梅舒兰不太想承他人的好意,张口要拒绝,那夫人接着道“我姓顾,你应当听闻过江南顾家。有空可以来府上玩玩,我这几日会在苏州停留。”
顾夫人声音刚落,四周便起了小声的议论。
“原来是那位江南顾家的大小姐!”“我听闻她有位兄长还在京中任职高官呢。”
议论的小姑娘声音又低了几分,却眉飞色舞“可我听说,江南顾家不是没落了吗?”
另一边的姑娘似乎是她好友,也压低声音回应,表情却十分八卦“你不知道,江南顾家没落是因为顾老爷年龄大了,长子没继承商业在京中做官,二小姐也不经商,只有大小姐嫁给了位商户,你知道的,就是扬州做布匹做的最好的那家。”
小姑娘眼珠转了两圈,这才眨眨眼道“是扬州沈家?”
“对喽!”
…………
梅舒兰初到苏州,此前也未曾做过什么了解,没想到是这样的人物,她犹豫了一瞬,还是接下了对方手中的胭脂,欠身道“多谢夫人,倘若得空,小女子一定去拜访。”
“我能问问你的名字吗?”顾窈笑吟吟道。
“小女子梅舒兰。
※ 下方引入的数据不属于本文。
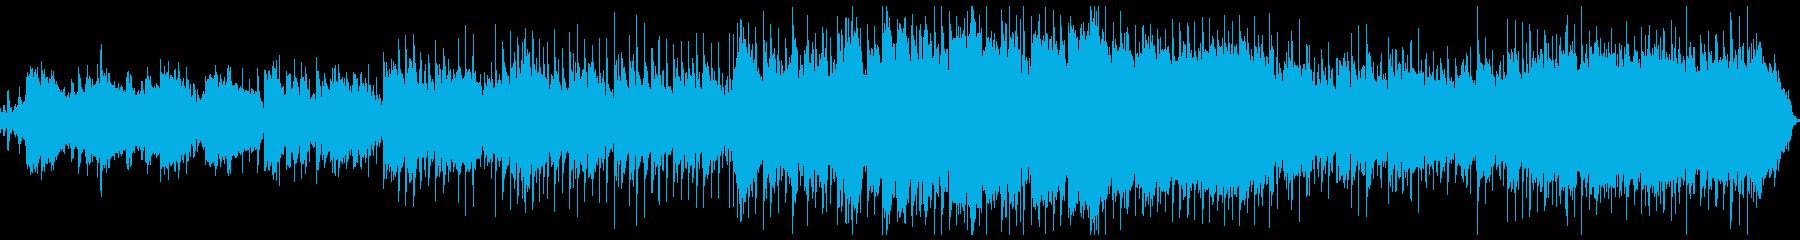 スロー。ピアノバー。ハーモニカ&サ...の再生済みの波形
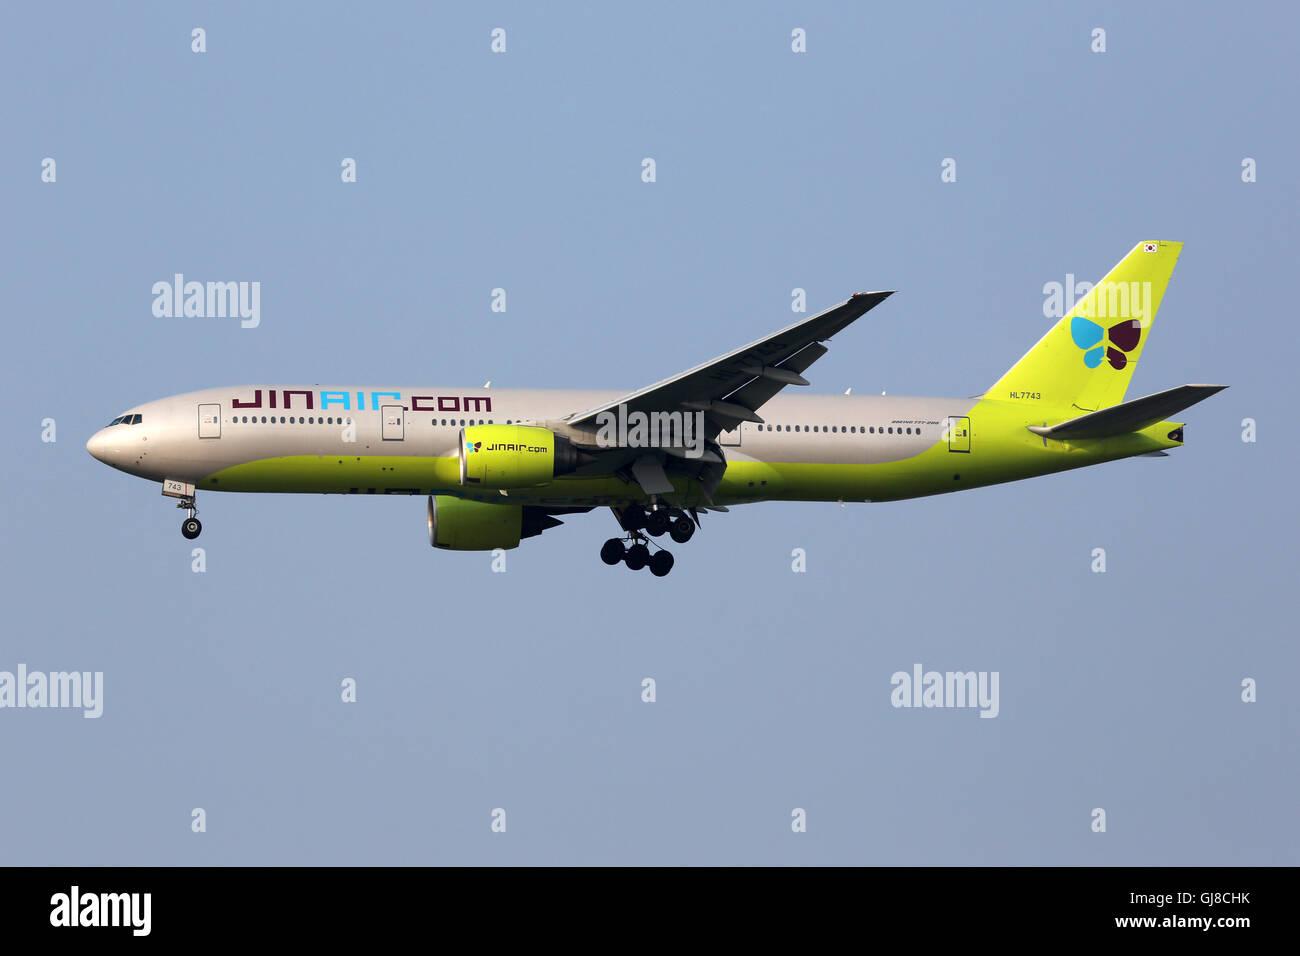 Incheon, Corea del Sur - 24 de mayo de 2016: un avión Boeing 777-200 Jin Air con el registro HL7743 acercándose Imagen De Stock

”她答道。
…………
出了门,小荷给她撑着伞,二人顺着街道缓步而行。
“小姐,那盒胭脂明明很好看……”
眼前的姑娘似乎还是有点委屈,嘴角也瘪下去,眼角泪光盈盈。
“唉。”
梅舒兰叹了口气,伸出白净的手点了点她的额心“傻姑娘,我才到江南不久,不能给哥哥惹麻烦啊。”
“那这胭脂就真让给她了不成!”小荷还是有些委屈,说着说着,语气中竟有几分愤怒“那顾夫人又怎么样!竟也不讲先来后到么!”
她说着,音色又低了下来“小姐,那罐胭脂,奴婢早打听过的,那是最近江南各地都流行的新色,就是担心那罐胭脂售空了,才急急拉着小姐来的……”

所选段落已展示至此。